Me: Um, I don't know? (God, I hope not)
Could he maybe be a little bit immature?
Me: I don't know. I suppose.
Well, he seems like a good guy. Cute. Interesting. I'd say he was my type, you know. (We laugh, we already know we share similar excellent taste in men.)
"I say go for it." She says, "just be aware that he's human. Not perfect."
I don't want to hear it.
Don't want to know the reality of him.
Find myself running away from all the what might have been's towards it'll never work what what I thinking's.
It's all or nothing. Perfect or awful. It'll work or it'll be a disaster.
And I realize that my bubble, the one that's been growing and floating inside me will burst on its own, without anyone's help if I get too far into imagining just how great Cary is, how great we'd be together, how perfectly perfect it all will be.
I'm Icarus. My friends don't want me flying too close to the sun.
But I like the feeling.
I like the soaring giddiness of how utterly fantastic this thing I've found will be.
Every single time I meet someone I like that feeling.

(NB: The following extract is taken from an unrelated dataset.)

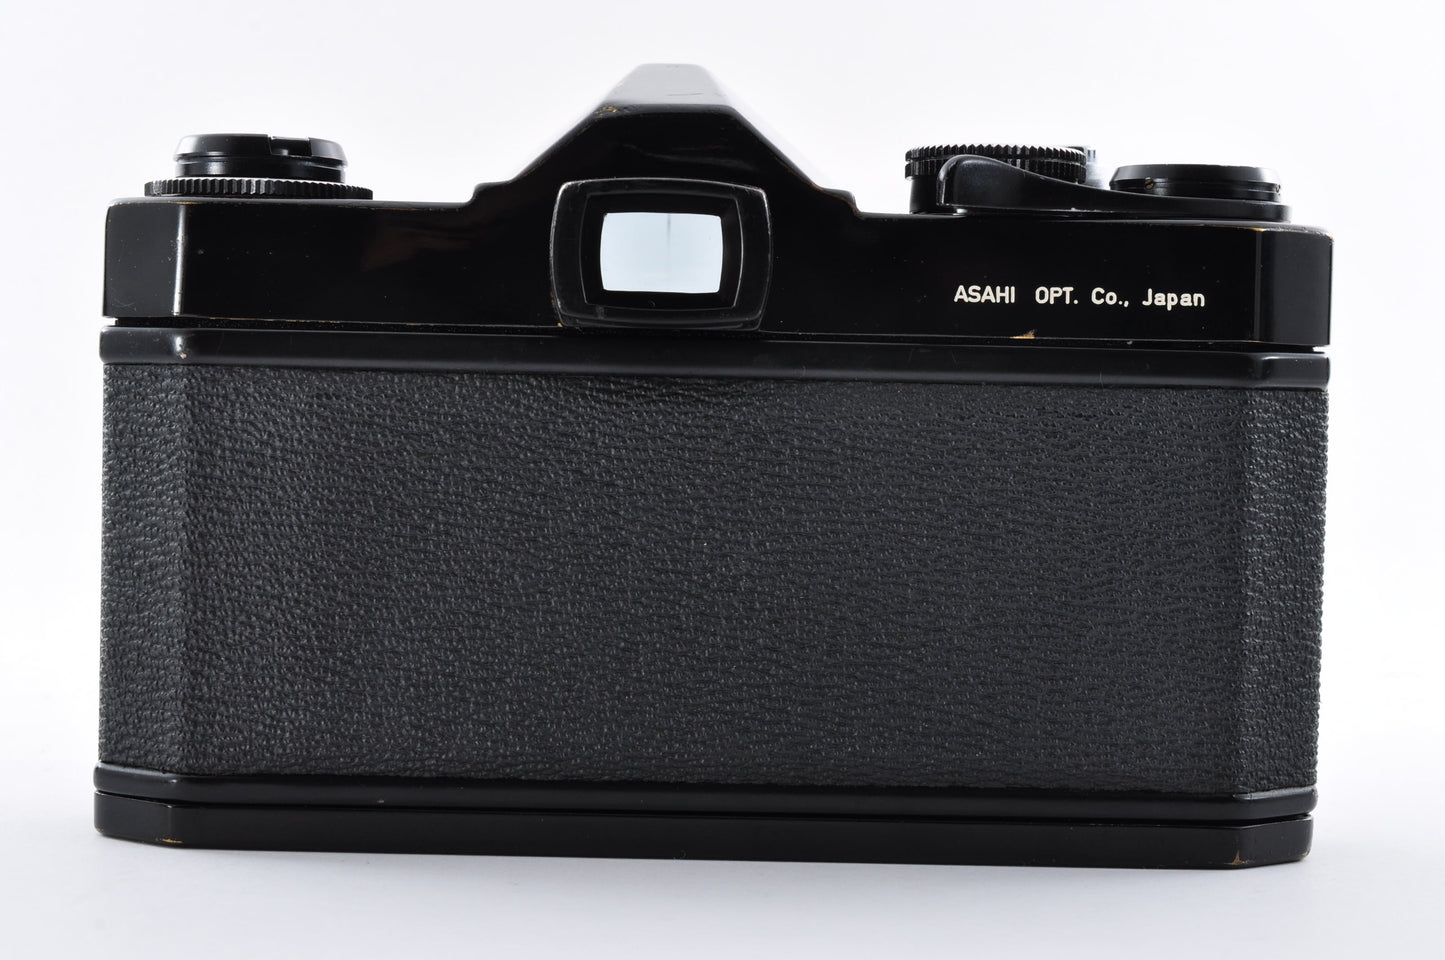 Pentax SL Black 35mm SLR Film Camera Super Takumar 55mm f1.8 From Japan #3040327

And I ride it higher and higher until I'm flapping my bare arms, feathers fallen into the sea and the crash is coming, the relationship splintering and I'm left staring at the brokenness wondering how on earth I could have been so wrong again.
The extremes are familiar. Addictive perhaps.
But I'm trying to learn to ride in the middle.
Safer. A shorter distance to fall.
A smaller bubble to burst.
Expectations that can be met and exceeded.
A safe, yet joyful and giddy flight. Wings intact.